Notre Media reconnu d’Intérêt Général
Ainsi, nous avons décidé d’accompagner les forces de gauche dans ces élections. Dans un paysage médiatique saturé, nous refusons de donner une tribune aux idées d’extrême-droite ou populistes, néolibérales pour nous concentrer sur les alternatives sociales. Notre indépendance garantit que nous ne travaillons pour aucun parti de gauche et ne recevons d’aucun parti politique quelconque rémunération. Il s’agit là de notre choix et bien sûr de notre participation militante au changement du monde.
Faire notre part dans le pluralisme de l’information
Mais alors comment définir ce que nous allons couvrir : Nous donnerons la parole à celles et ceux dont les programmes sont axés sur la justice sociale et la redistribution, les projets d’écologie populaire et de transformation urbaine, et des pratiques de démocratie participative et de gestion des communs.

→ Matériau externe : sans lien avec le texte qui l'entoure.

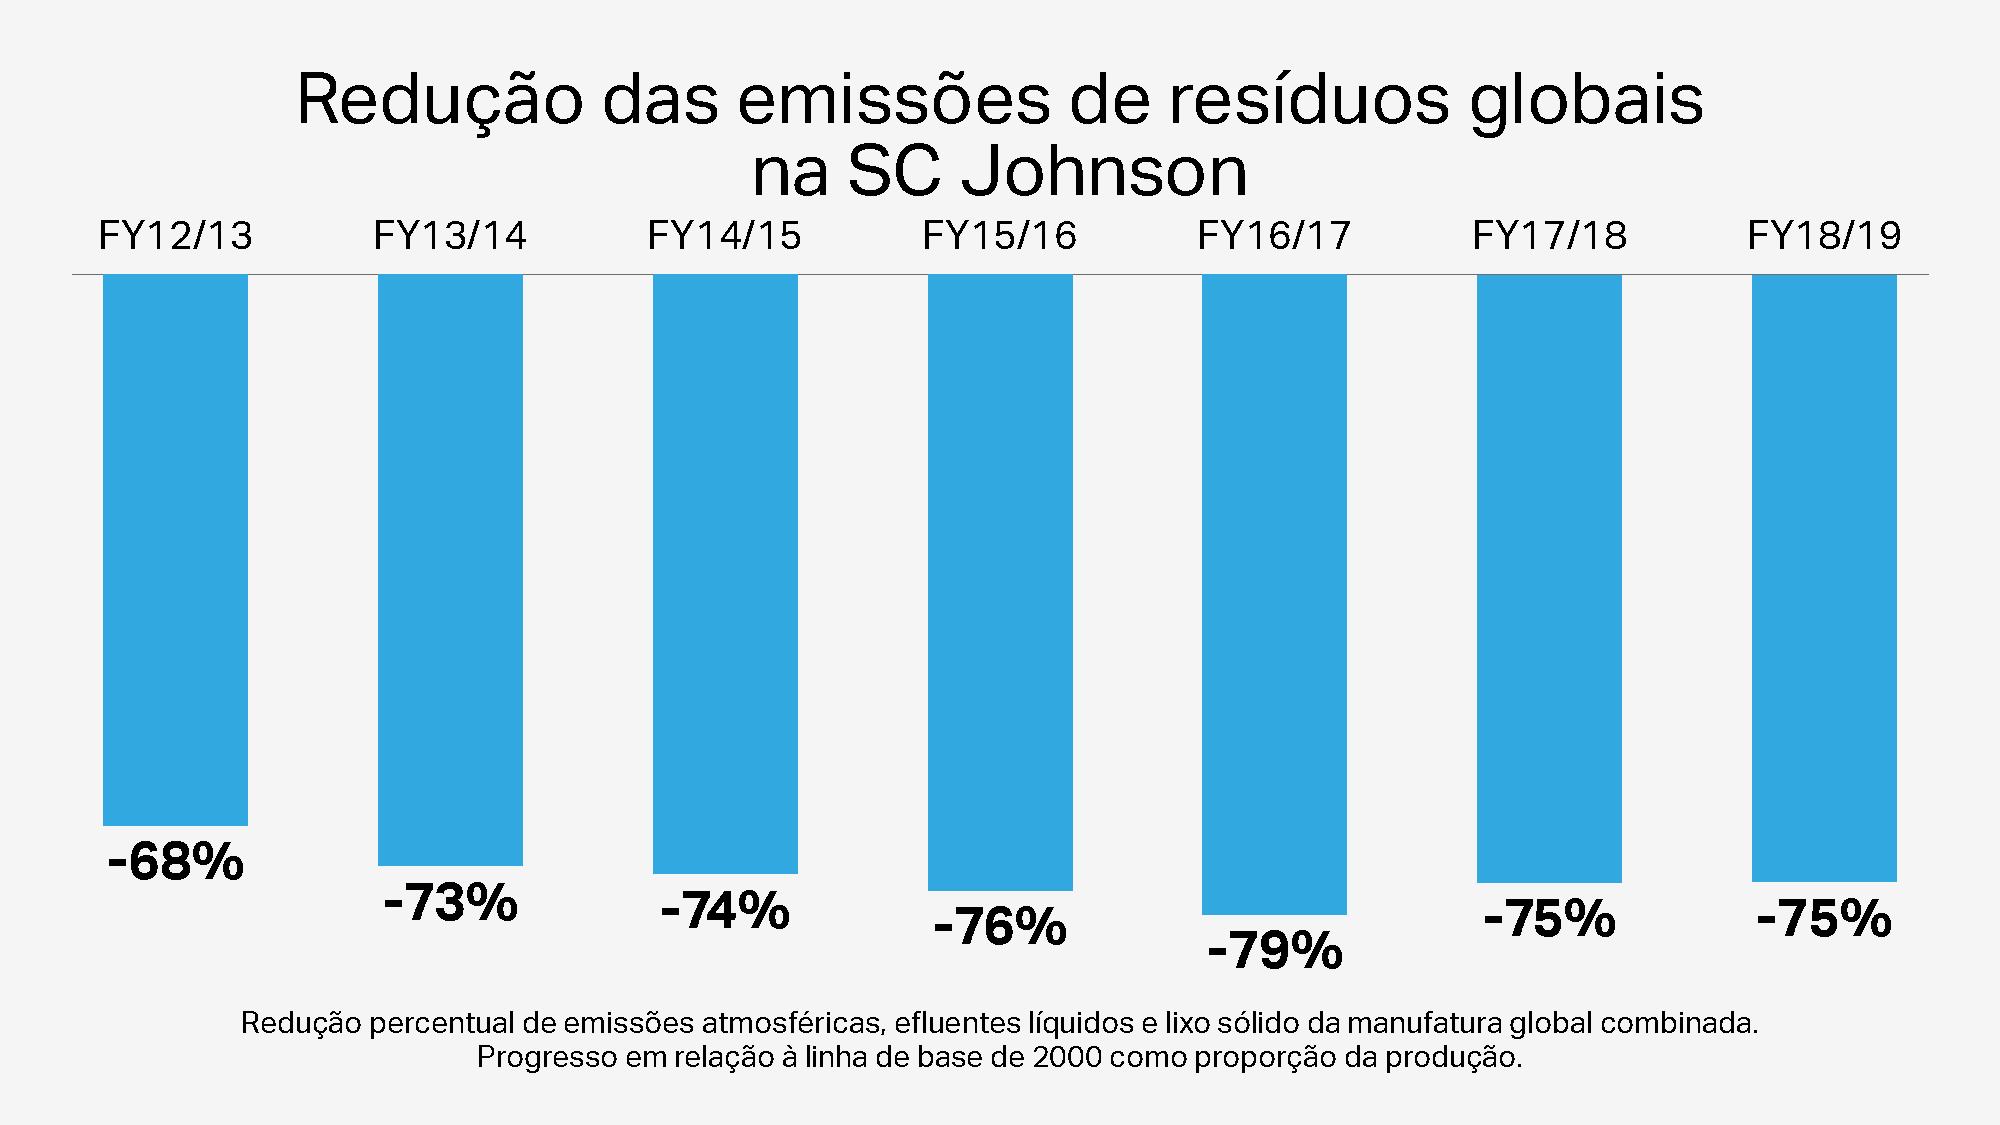 Redução das emissões de resíduos globais na SCJohnson

Cela ne nous empêchera pas de travailler avec rigueur. Une ligne éditoriale n’empêche en rien le respect de la déontologie journalistique. Nous savons que la neutralité n’existe pas. A Mediacoop, nous l’assumons. Indépendants, nous analysons les programmes de gauche avec un oeil critique. Et nous vérifions tout : faits, chiffres, et promesses de candidats.
Aucun groupe industriel, financier ou politique
Entre indépendant permet cela. Aucun groupe industriel, financier ou politique ne finance Mediacoop. Notre choix est celui choisi par la rédaction. En effet, nous ne considérons pas que toutes les paroles se valent. En accordant un espace aux discours de haine ou d’austérité, nous participerions à leur normalisation.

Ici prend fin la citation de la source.